- [Your task]:
Only the text should come through, so restate the listing exactly and drop its images.

- [Data]:

──────────

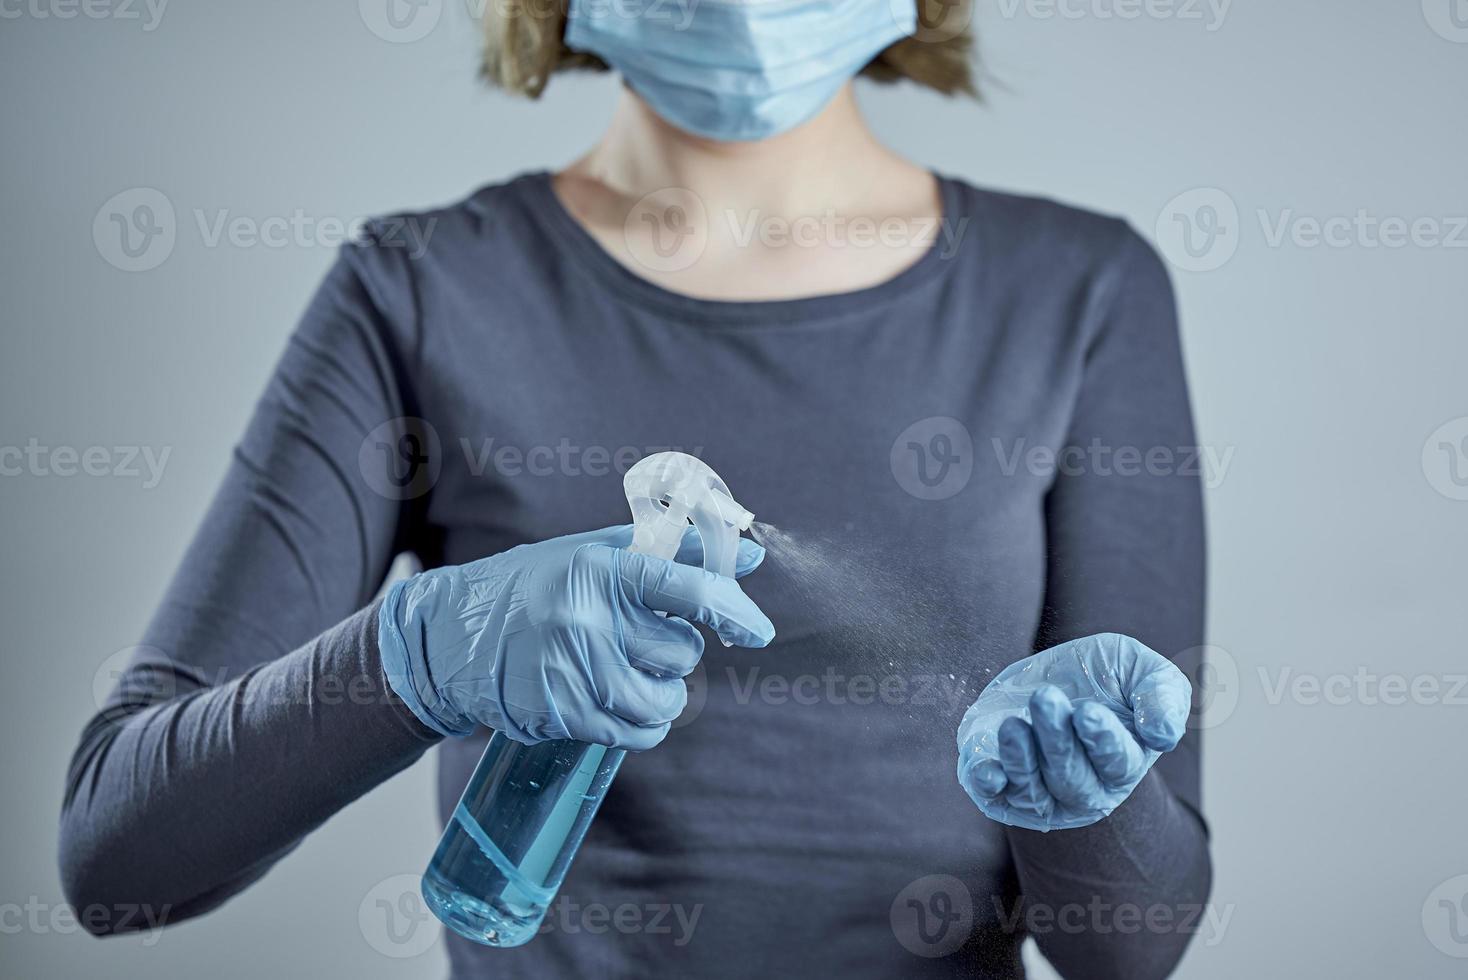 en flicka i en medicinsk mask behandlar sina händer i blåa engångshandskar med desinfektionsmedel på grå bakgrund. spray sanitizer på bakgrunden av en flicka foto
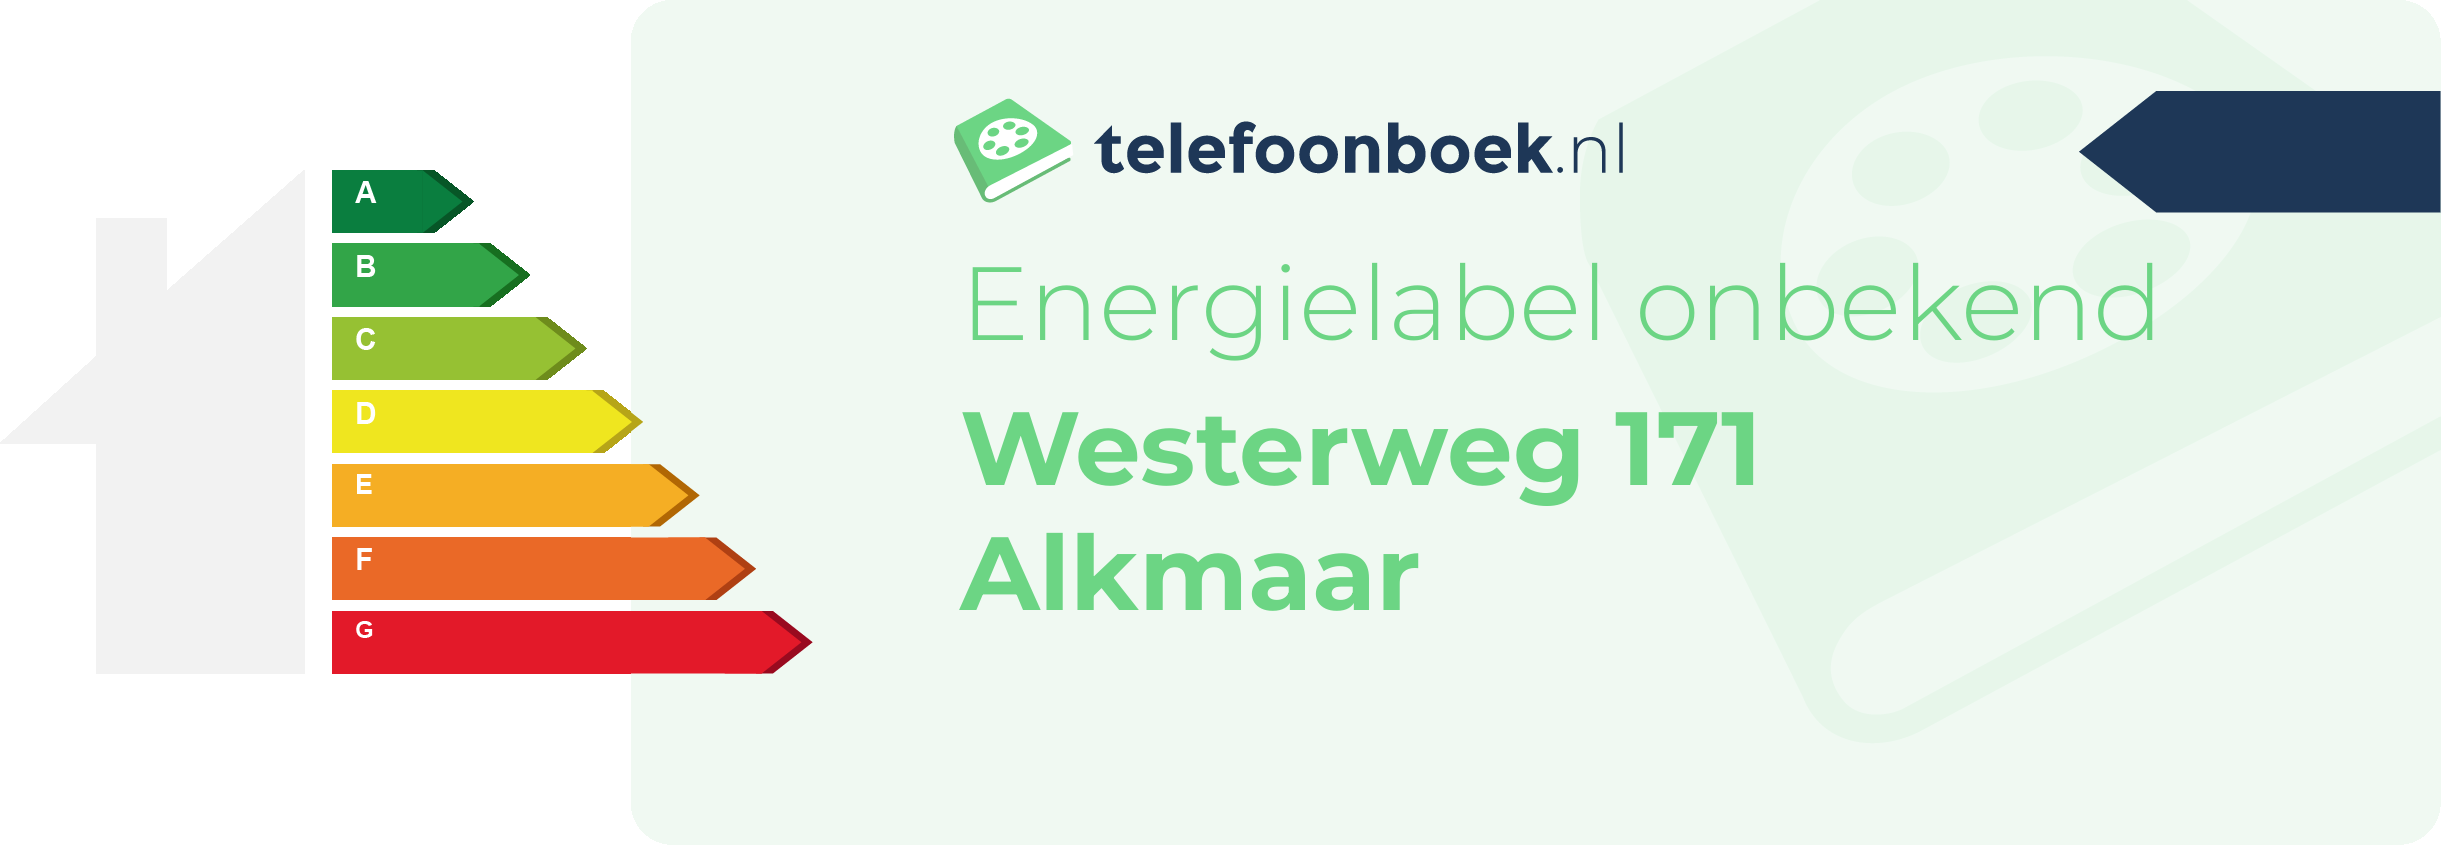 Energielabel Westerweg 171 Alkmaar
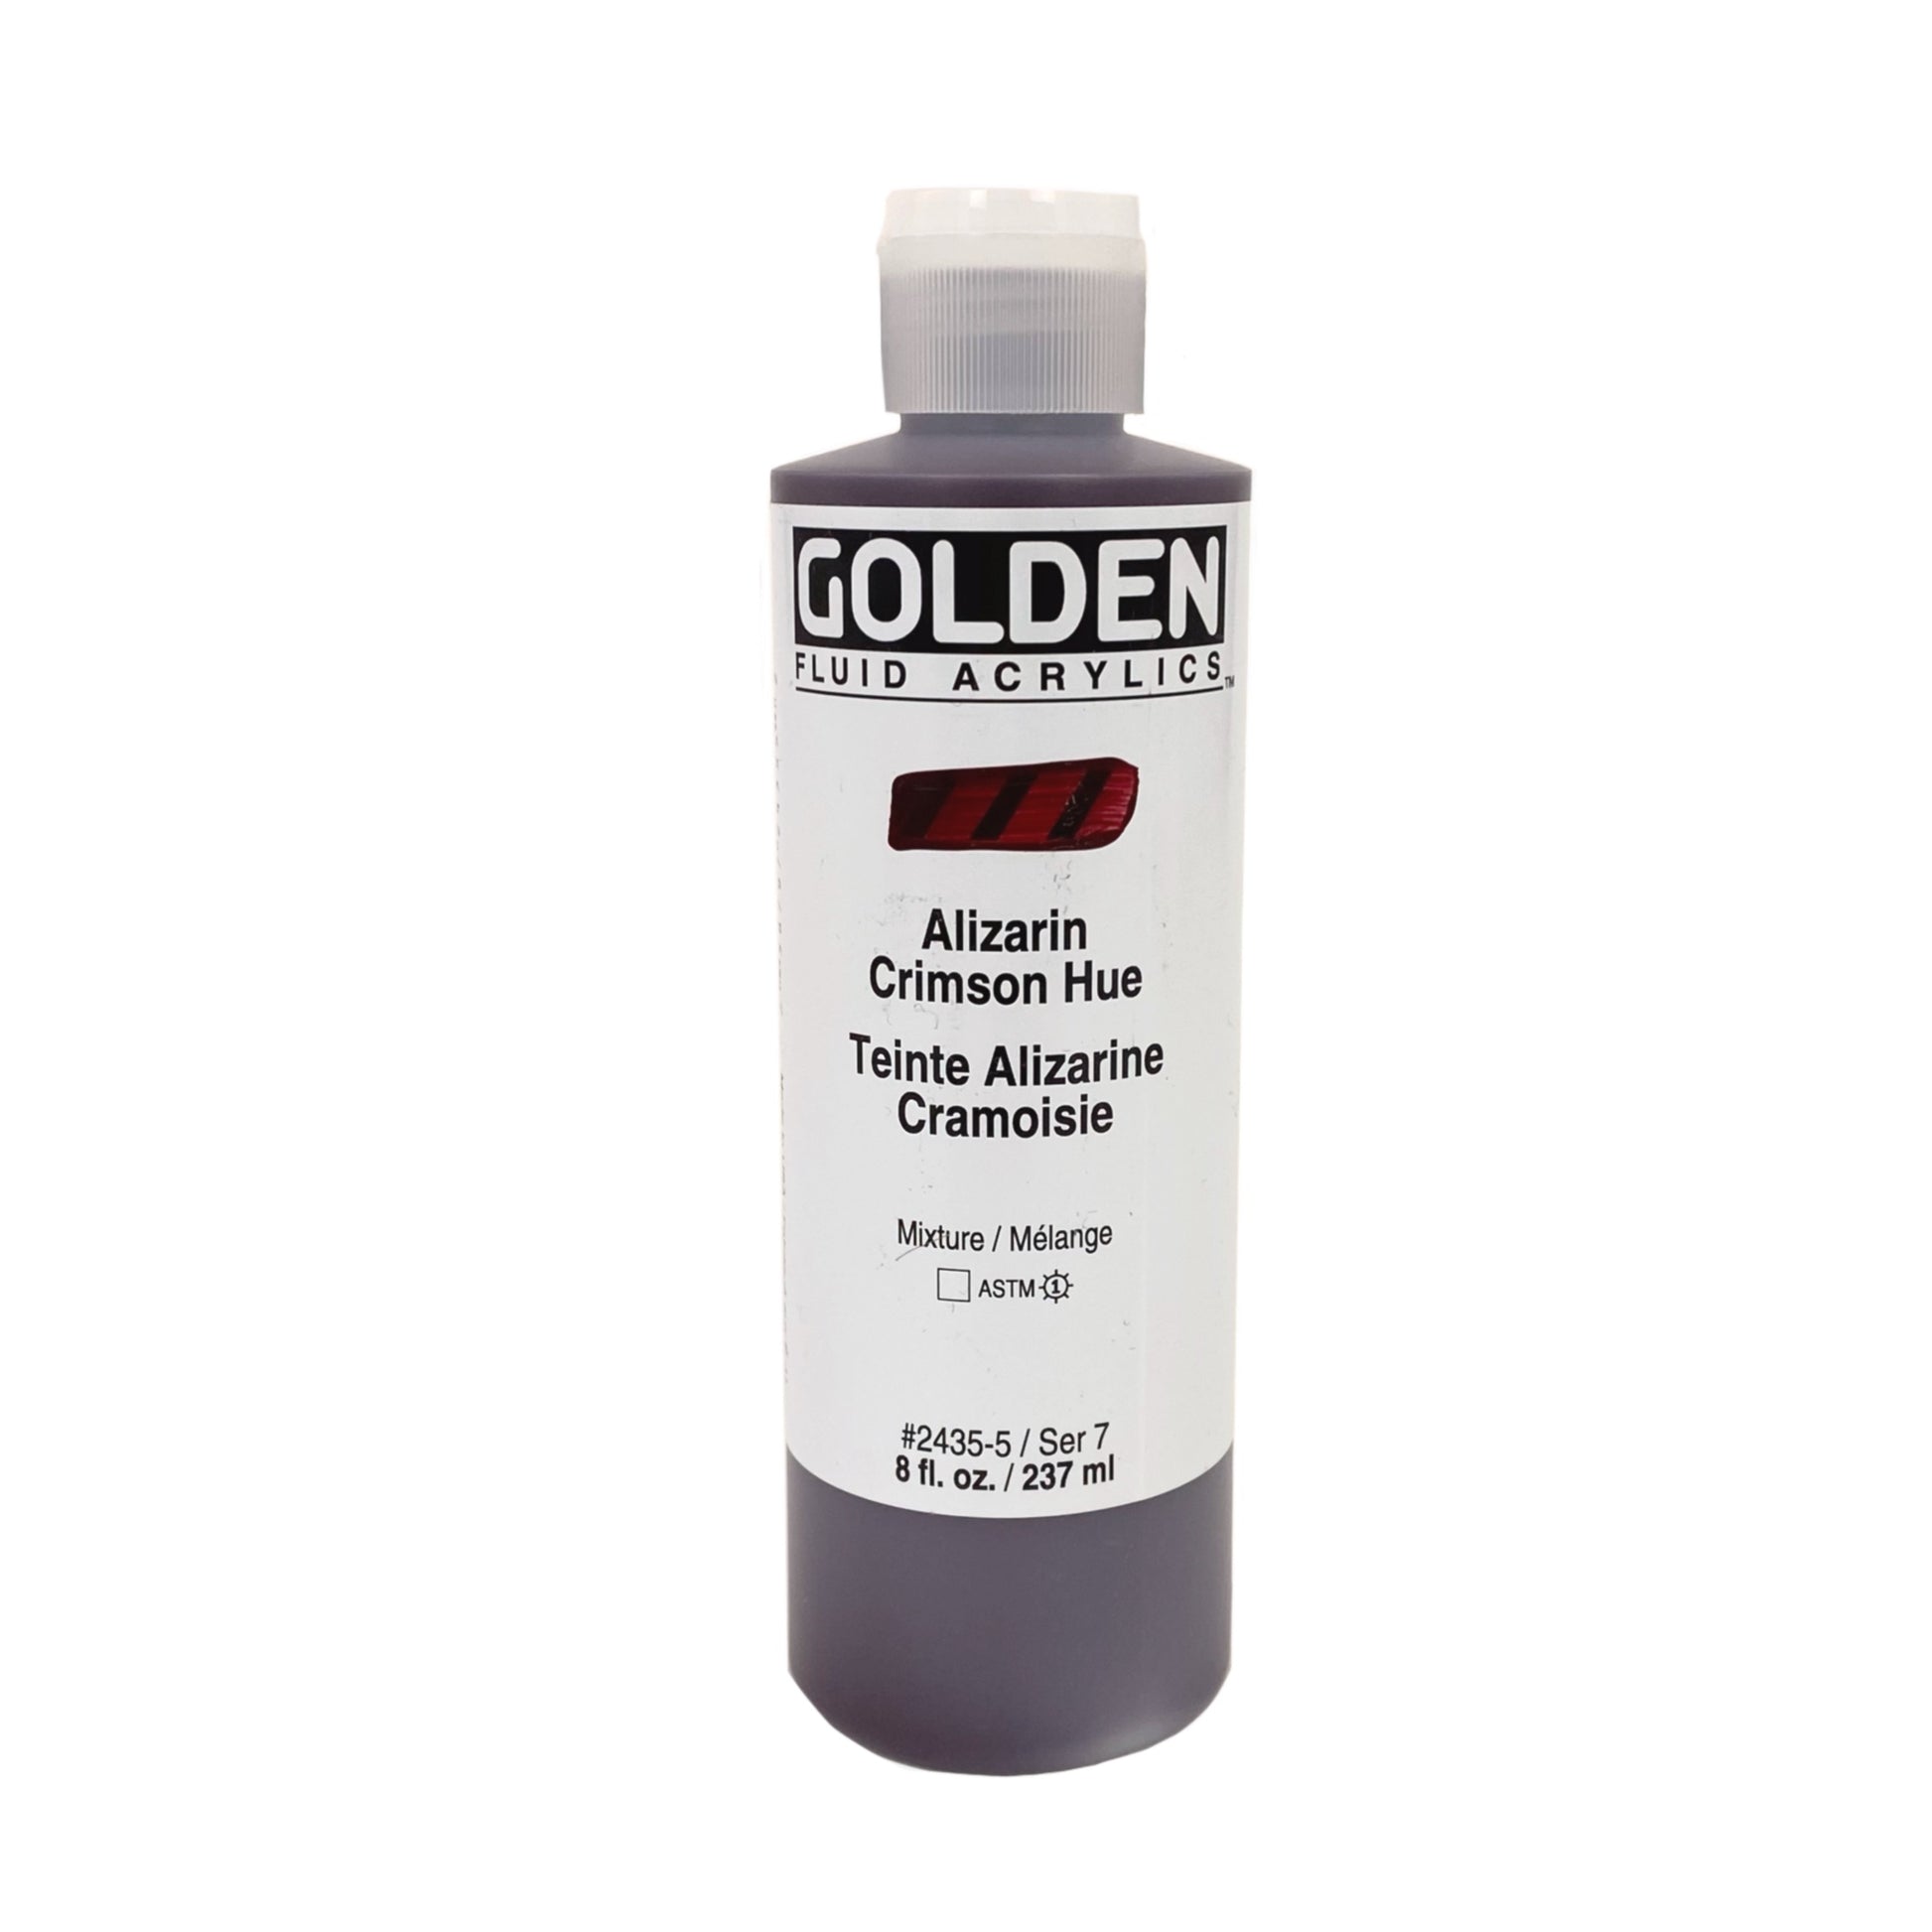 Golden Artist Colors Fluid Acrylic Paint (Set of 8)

──────────

- [Your response]:
 en flicka i en medicinsk mask behandlar sina händer i blåa engångshandskar med desinfektionsmedel på grå bakgrund. spray sanitizer på bakgrunden av en flicka foto
 Energielabel Westerweg 171 Alkmaar
 Golden Artist Colors Fluid Acrylic Paint (Set of 8)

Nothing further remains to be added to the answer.